The deployment of bioenergy with carbon capture and storage (BECCS) is influenced by land-system mitigation policies, and valuing soil carbon storage reduces emissions leakage, lowering mitigation costs.
The IPCC’s AR6 emphasizes the importance of land-based carbon dioxide removal (CDR) measures, such as reforestation and bioenergy with carbon capture and storage (BECCS), to meet the Paris Agreement goals. The suggested carbon budgets for limiting global warming to well below 2°C and 1.5°C are 1150 and 500 GtCO2, respectively. The AR6 scenario database indicates a cumulative land-based CDR of 460 (350–560) GtCO2 between 2020 and 2100, with BECCS and reforestation playing significant roles. Challenges include potential trade-offs between BECCS and land-use change, land-use change, and forestry (LULUCF) removals, suggesting leakage issues. Land-intensive BECCS and reforestation face challenges related to advanced technologies and expanding forests, respectively.
Variability among models in considering land-system mitigation policies makes it challenging to understand drivers and trade-offs fully. A new study published in Nature Communications used the Global Change Analysis Model (GCAM) to highlight the policy effects on land-based CDR, trade-offs, and global market-mediated responses. Different scenarios with varied carbon pricing and mitigation policies provide insights into policy effectiveness and implications for agricultural commodity prices. However, uncertainties related to sustainability, resource use, and institutional challenges in large-scale land-based CDR deployment require careful consideration by decision-makers.
The exploration centers on the uncertainty in predicting land-based carbon dioxide removal (CDR) and its economic and environmental impacts. Analyzing various scenarios with land-based mitigation policies, a range of 100 to 700 GtCO2 for cumulative land-based CDR by the end of the century is revealed.
The deployment of bioenergy with carbon capture and storage (BECCS) is influenced by land-system mitigation policies, and valuing soil carbon storage reduces emissions leakage, lowering mitigation costs.

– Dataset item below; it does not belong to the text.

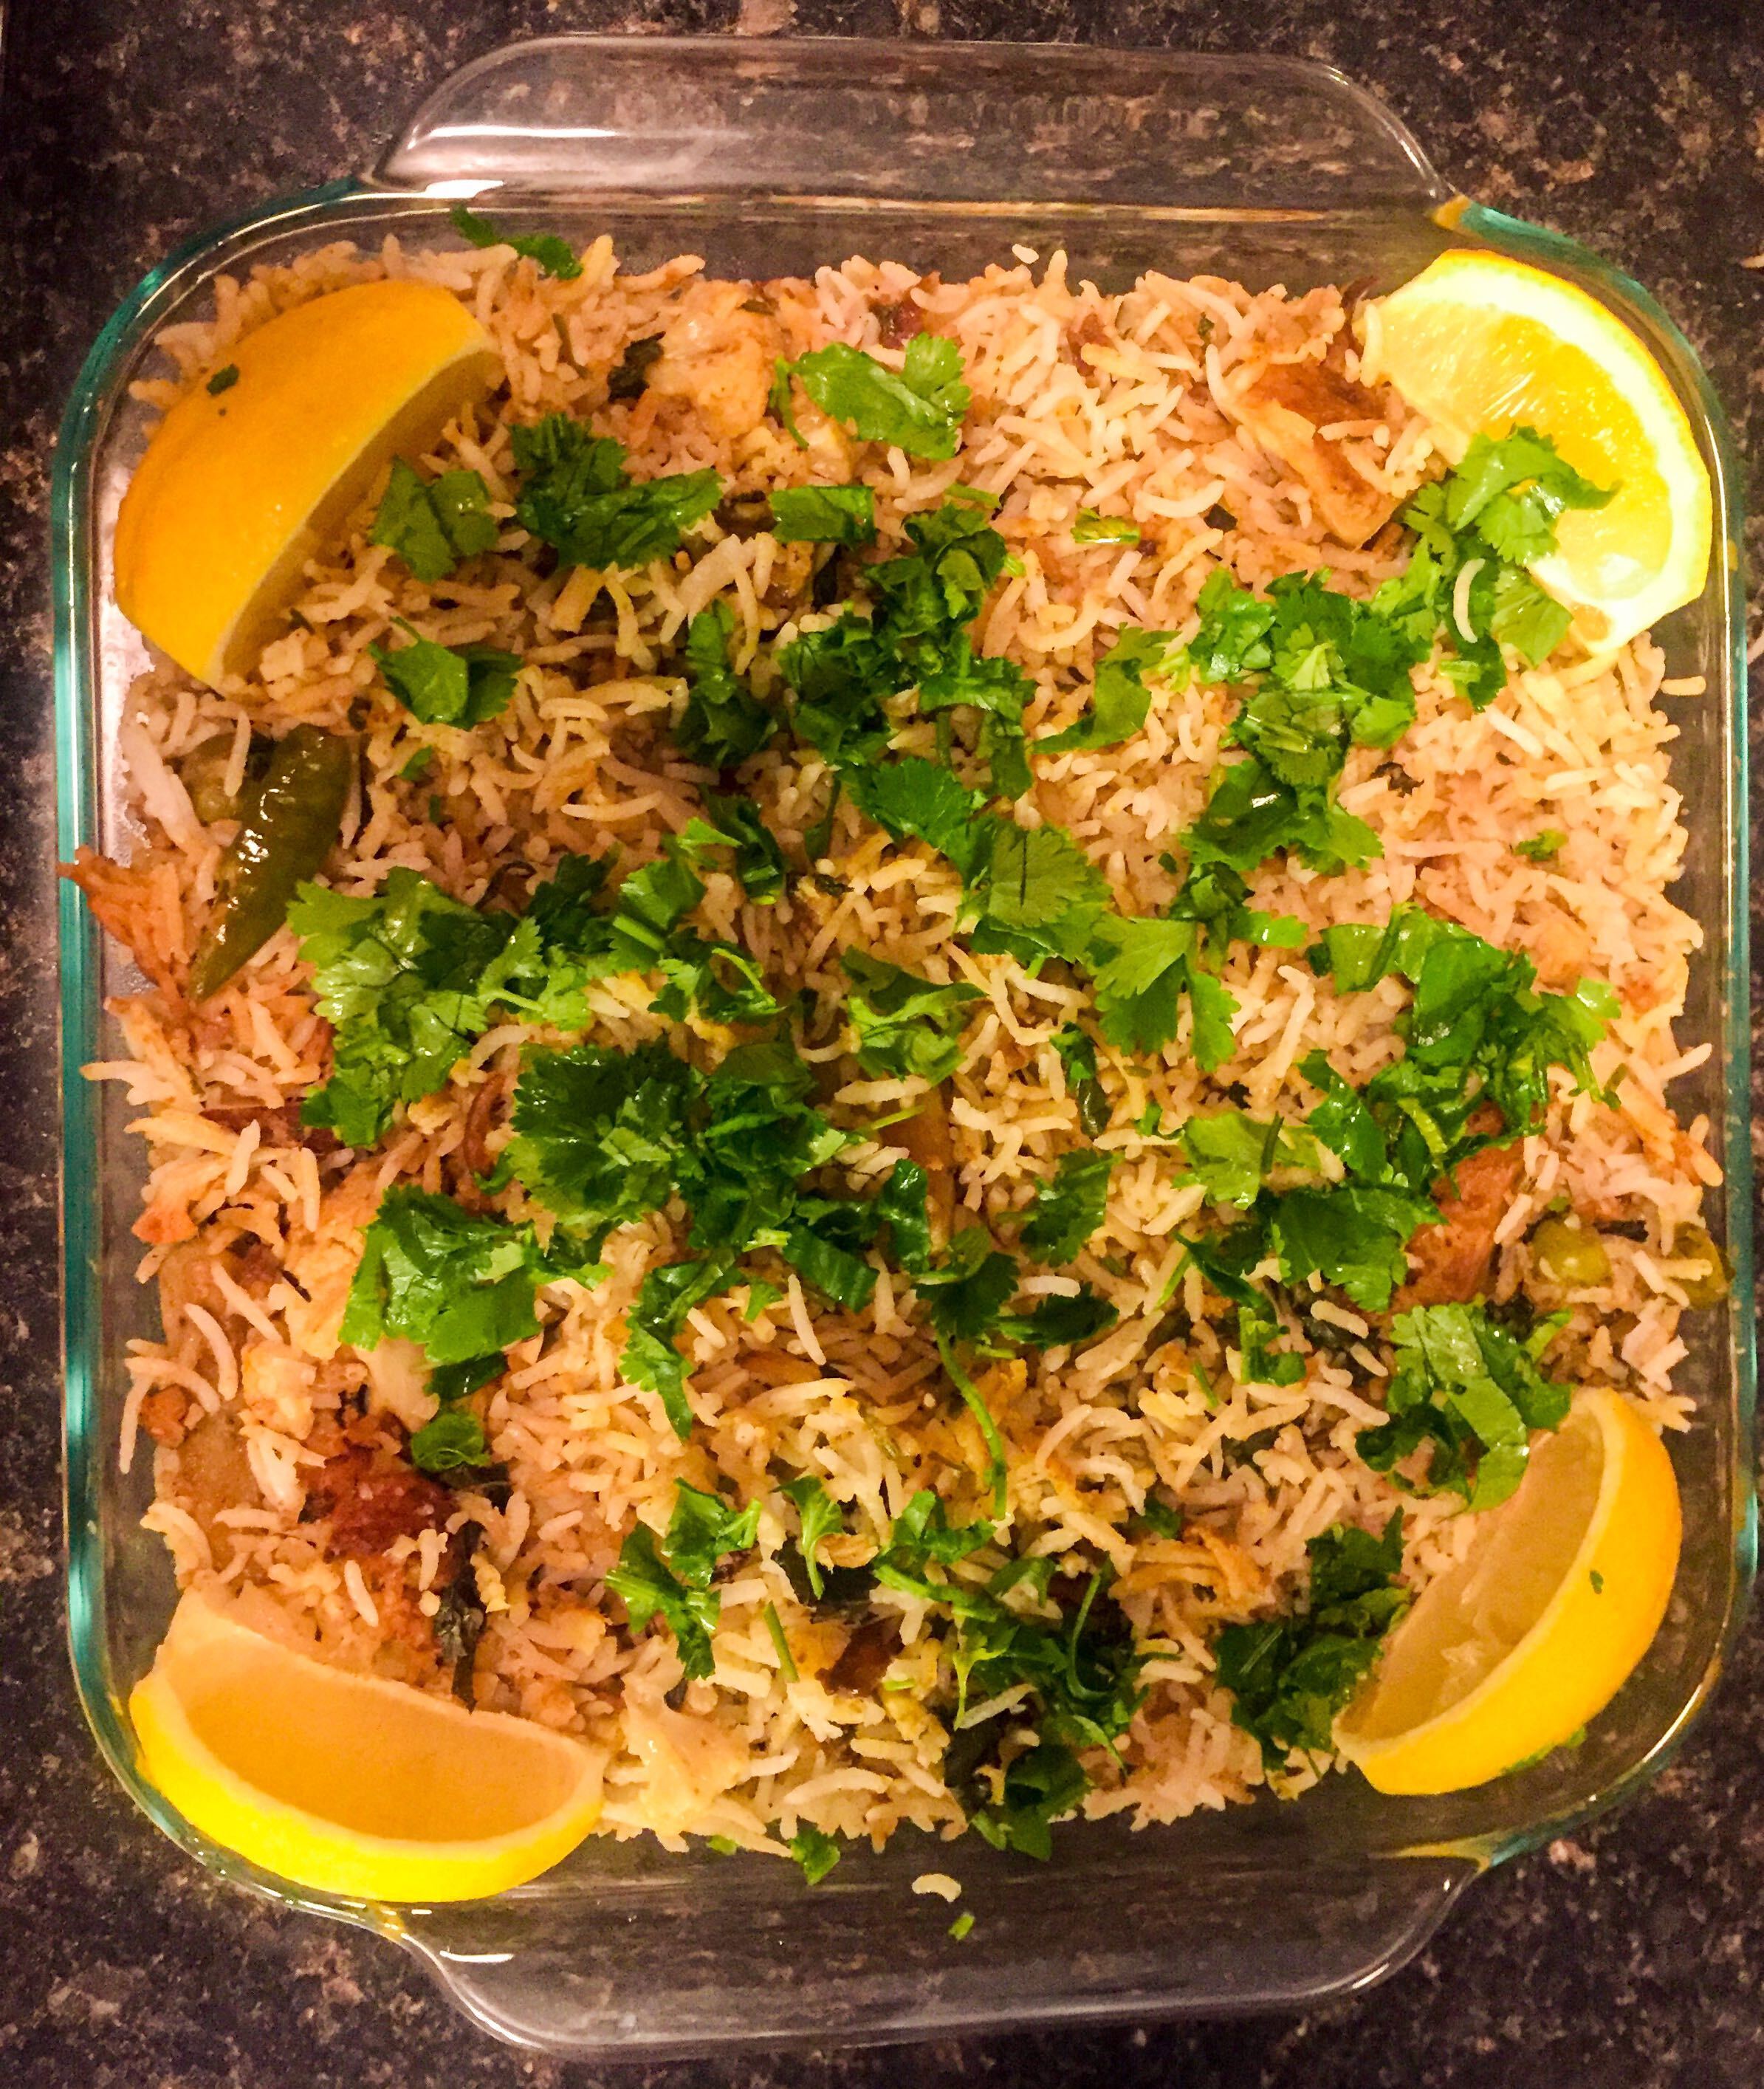 A rice dish Sree made for the IT competition

The examination emphasizes the inverse relationship between cumulative BECCS and land-use, land-use change, and forestry (LULUCF) removals, highlighting the contribution of BECCS and reforestation to 1.5°C and 2°C scenarios.
Insights include the higher removal intensity of BECCS over time, sensitivity of BECCS to feedstock and technology choices, and the importance of soil management and policy choices for reforestation. Tradeoffs between removal effectiveness and agricultural price responses are emphasized, underscoring the need for careful design of land-based mitigation policies considering food security and sustainability. The research suggests improvements in Integrated Assessment Models (IAMs) by harmonizing land-based mitigation policies and assumptions, providing information for future model comparison efforts in the context of climate change mitigation.
“Korea, with limited land area, will face difficult time scaling up land-based natural climate solutions,” said KAIST visiting professor Haewon McJeon, who coauthored the study. “As such, they will need to focus more heavily on innovation to reduce hard-to-abate sectors.”
Read the full paper here: https://doi.org/10.1038/s41467-024-46575-3
한국어 요약
1.5도 및 2도 미래에서의 육상 기반 탄소 제거 수단의 트레이드오프
파리 협정 목표를 달성하기 위해 산림을 포함한 이산화탄소 제거 (CDR) 방안의 중요성이 커지고 있는 가운데 카이스트 녹색성장지속가능대학원 전해원 방문교수를 포함한 연구진은 토지 기반 탄소제거 예측의 불확실성과 경제 및 환경적 영향에 대해 분석한 논문을 국제 학술지 네이처 커뮤니케이션에 출간하였다.
이 연구는 육지 기반 완화 정책을 활용하여 다양한 시나리오를 분석을 통해 BECCS의 높은 제거 강도, BECCS의 원료 및 기술 선택에 대한 민감성, 그리고 토양 관리 및 정책 선택의 중요성을 제시한다. 또한 세계 각국이 탄소중립을 위해 노력하는 가운데, 난감축 부문의 배출량을 오프셋할 천연 기후 솔루션의 역할이 대두됨을 시사하며, 다양한 토지 기반 기후 솔루션의 장단점에 대해 체계적으로 분석한 것에 의의가 있다.